Então, temos uma interligação complexa e permanente entre aquilo que entendemos como a nossa parte emocional, “psicológica”, e a nossa parte corporal. Ora, sendo a pele o maior órgão do nosso corpo (ocupa uma superfície de 1.5 a 2 m2), decorre do bom senso assumir que terá ampla oportunidade para conversar com o sistema nervoso, certo?

 

E, de facto, os dermatologistas dos anos 70 começaram a perceber isto mesmo, a clínica informou a ciência e, em meados dos anos 80 começa-se a falar de psicodermatologia – o agregado de intervenções específicas em Psicologia/Psiquiatria que se aplicam às patologias dermatológicas. Ainda longe de ser consensual (até a própria definição da disciplina difere, oscilando entre esta explicação que acabo de lhe dar, e a definição como especialidade de dermatologia) e melhor implantado na Europa do que nos EUA, a psicodermatologia continua nos seus primórdios, com pouca investigação científica para a consolidar. No entanto, o paradoxo é que, por via do bom-senso, nem dermatologistas, nem psicólogos contestam que a pele está sujeita às mesmas “intempéries” do sistema nervoso, do que tudo o resto abrangido pela medicina.

 

Aliás, a ligação pele-emoções é até mais fácil de observar do que a ligação das emoções a qualquer outro órgão, por ser muito rápida. Duvida? Experimente pensar nalguma coisa que o deixe profundamente envergonhado ou embaraçado. Não cora de imediato? E não fica com pele de galinha debaixo de algumas emoções? Ou transpira de stress? E não se sente de cabelos em pé, de vez em quando?

 

A visibilidade da patologia dermatológica é um dos temas que torna a dermatologia tão apropriada à interligação com os ramos da psicologia clínica: ao ostentar a doença que tenho, sou sujeita ao escrutínio público o que é o mesmo que dizer que me sujeito ao estima, à discriminação, à rejeição e às diversas dificuldades relacionais que vêm com o desconforto com o meu próprio corpo.

 

Mas estou a adiantar-me… Porque quando se fala de Psicologia em ligação com Medicina, a tentação imediata é pressupor uma ligação causal: um problema emocional (ou uma forma de pensar, ou um hábito comportamental) que cria aquele problema médico. Esta foi uma moda de pensamento, que rapidamente alastrou junto do grande público, há uns 40 anos atrás, e que se mantém presente, porque os conceitos simplistas são sempre irresistíveis e lá vão perdurando no tempo, mesmo ao arrepio (uma demonstração da pele) da evidência científica.

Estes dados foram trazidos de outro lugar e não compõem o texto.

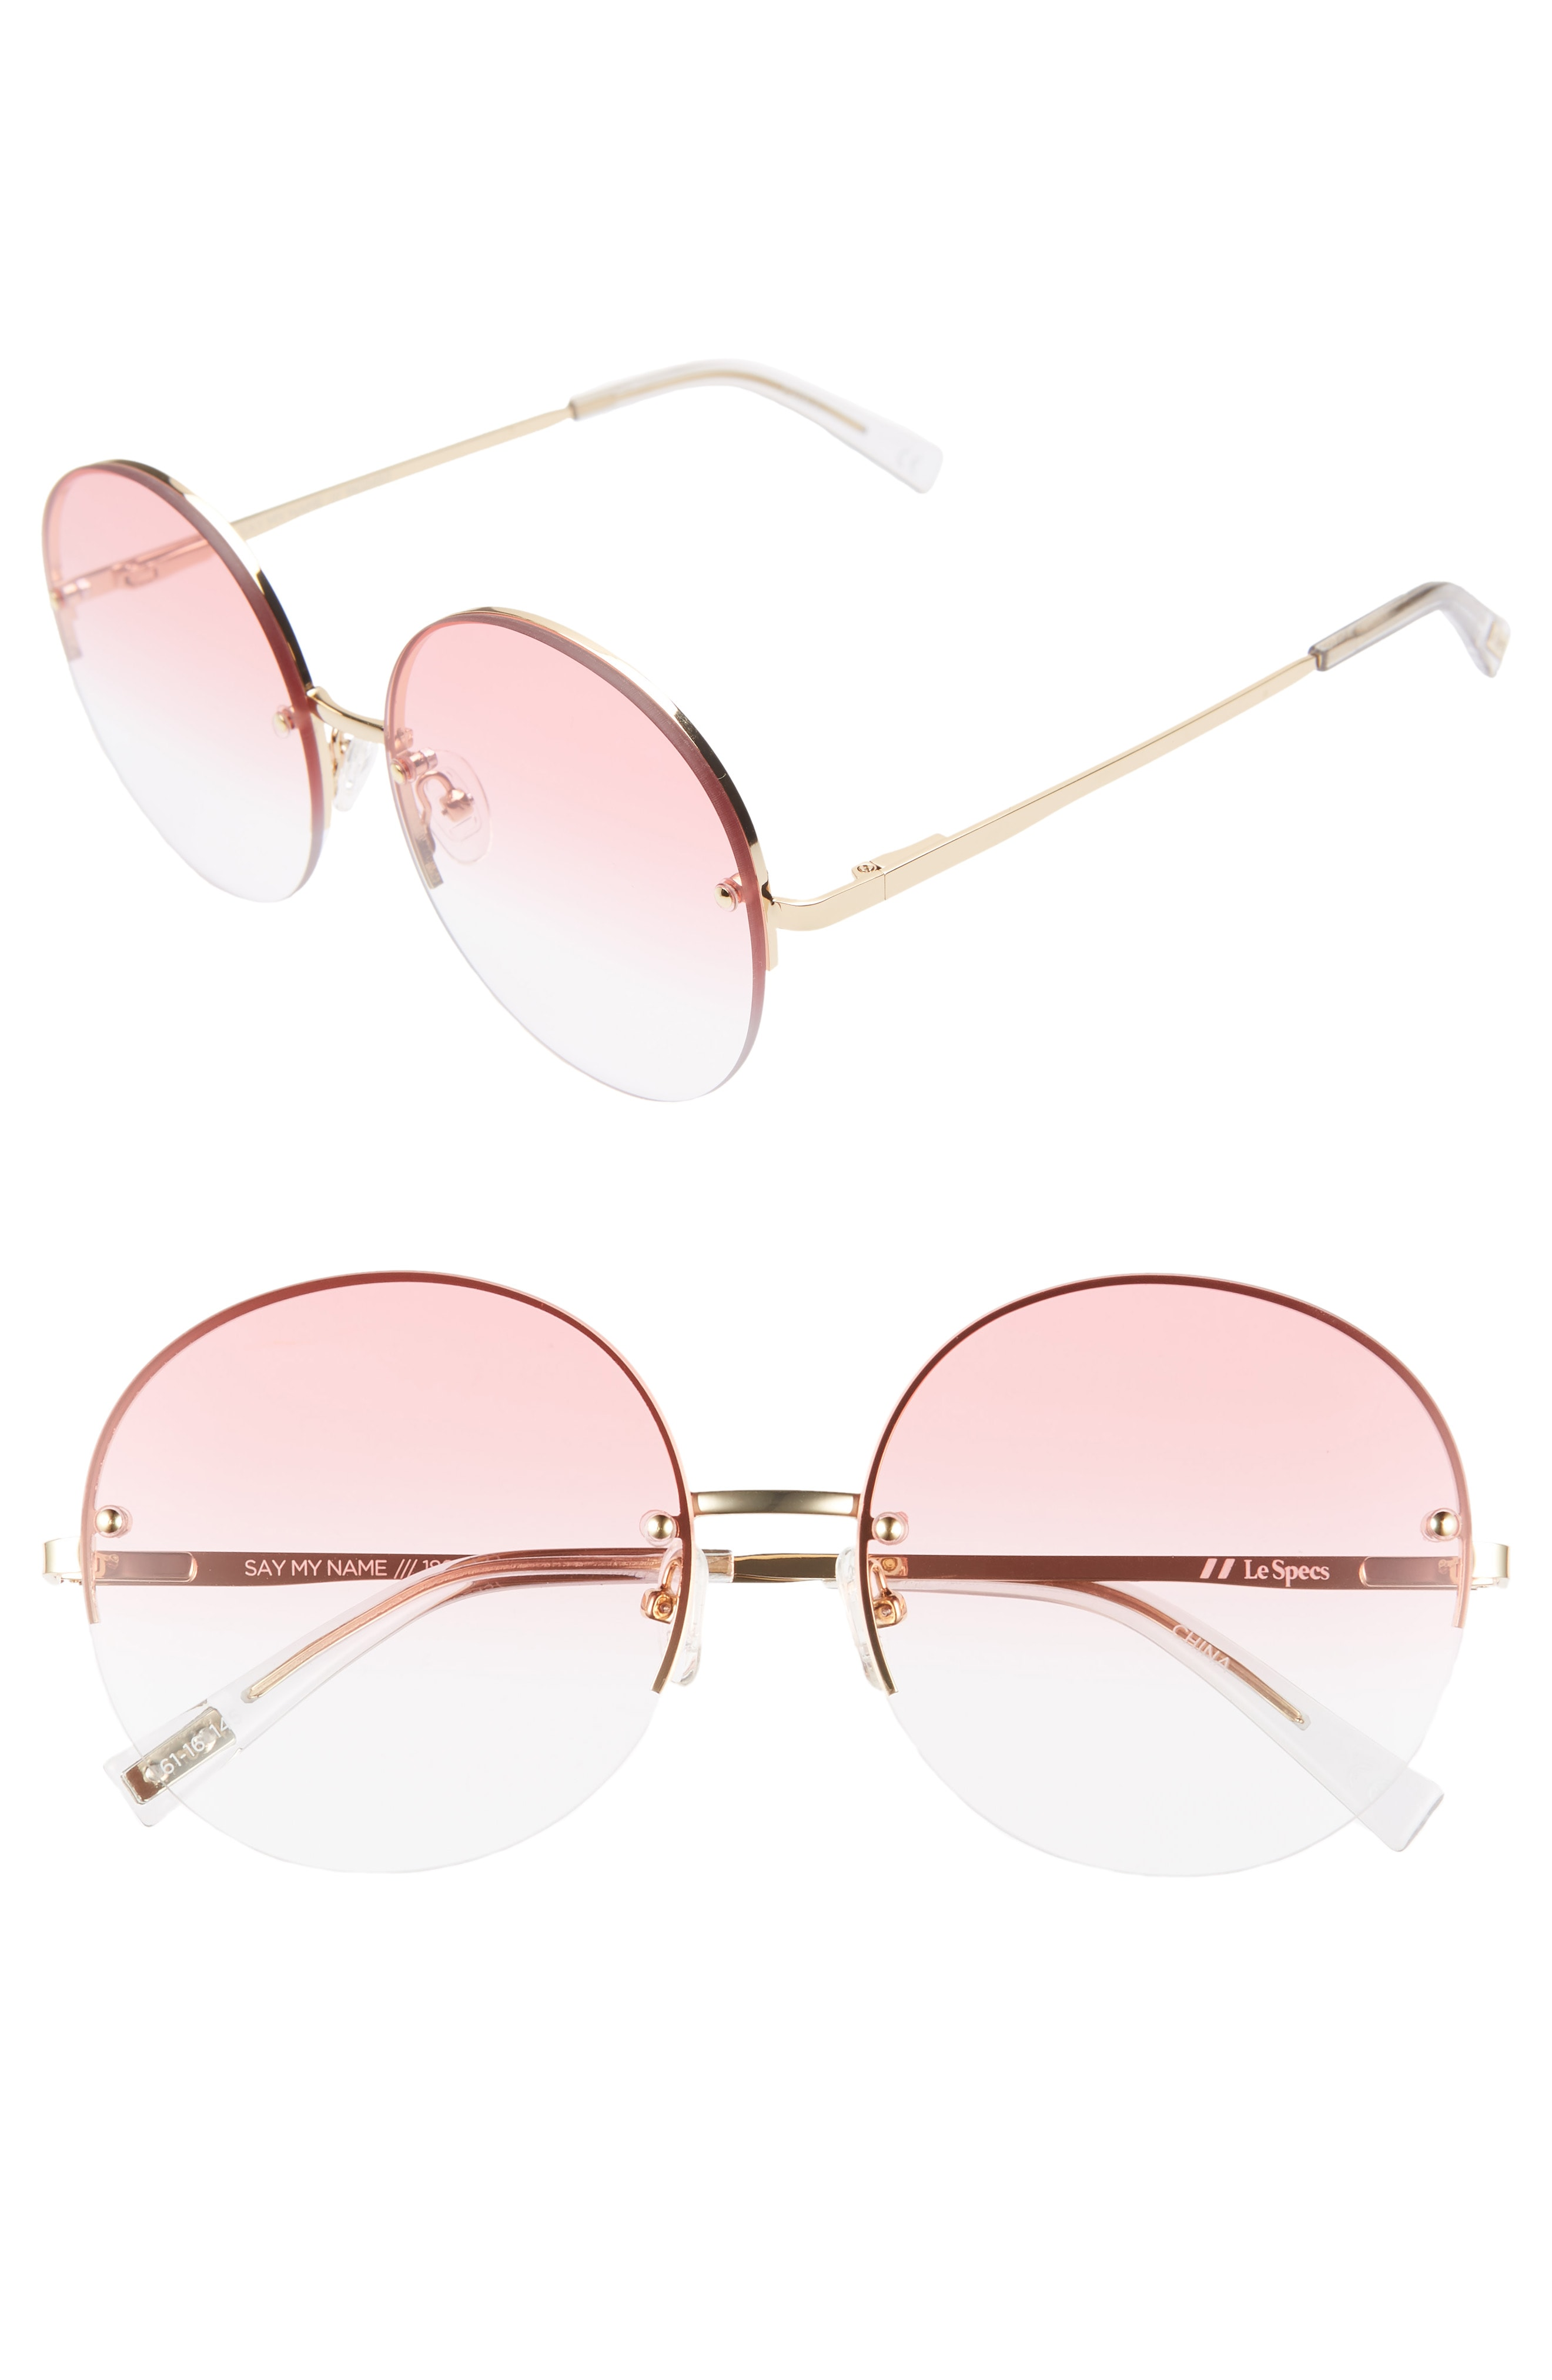 Le Specs Say My Name 61mm Semi Rimless Round Sunglasses

Aliás, o termo “psicossomática” tem desaparecido do vocabulário científico, pela má fama que criou e necessidade de se ganhar distanciamento desta ideia de causalidade linear, que é a) perigosa, na medida em que afasta as pessoas dos tratamentos mais eficazes, por estarem na convicção de que o que precisam é de “resolver os seus temas” e b) culpabilizante, porque é uma forma que nos leva a pensar que “por culpa nossa” ficámos doentes.

 

Então o que é que os psicólogos fazem, nas suas incursões na dermatologia? A melhor resposta é: depende…

 

Começa logo por nos situarmos: a dermatologia abrange à volta de umas 3.000 doenças… Seria um absoluto disparate, reduzir esta elevada abrangência a um tipo de contributo por parte da Psicologia. E, depois, podemos pensar se estamos a falar em temas da psicologia envolvidos no surgimento da doença (o que é diferente de dizer que causam a doença!), no seu decurso, ou que resultem em consequências directas da doença.

 

Gatilhos

Conhecem-se, actualmente, várias doenças, dermatológicas ou não, que são desencadeadas por situações de stress (aqui num sentido muito geral, de desafio às capacidades e recursos pessoais do momento). O potencial para desenvolver a doença estará lá (capital genético) e as condições internas ou externas favorecem a sua expressão (activação epigenética).

Portanto, desde logo, há um potencial preventivo, no contributo da Psicologia Clínica – o mesmo, por exemplo, que é mais do que reconhecido para o acompanhamento de doentes cardiovasculares, com os quais os psicólogos trabalham estratégias para lidar saudavelmente com o stress inevitável à vida de todos nós, ajudando a diminuir o risco de um (novo) acidente cardiovascular.

 

O contributo para a prevenção chega a assumir proporções importantíssimas, como acontece na prevenção do melanoma, por sobre-exposição solar. É da área da Psicologia que nos chegou a demonstração que se as pessoas forem confrontadas com uma fotografia sua manipulada para mostrar os efeitos na pele da exposição solar excessiva, se tornam muito mais responsáveis na sua exposição ao sol, diminuindo o tempo, evitando as horas mais perigosas e aumentando o uso de protectores solares, reduzindo, assim, o risco de melanoma.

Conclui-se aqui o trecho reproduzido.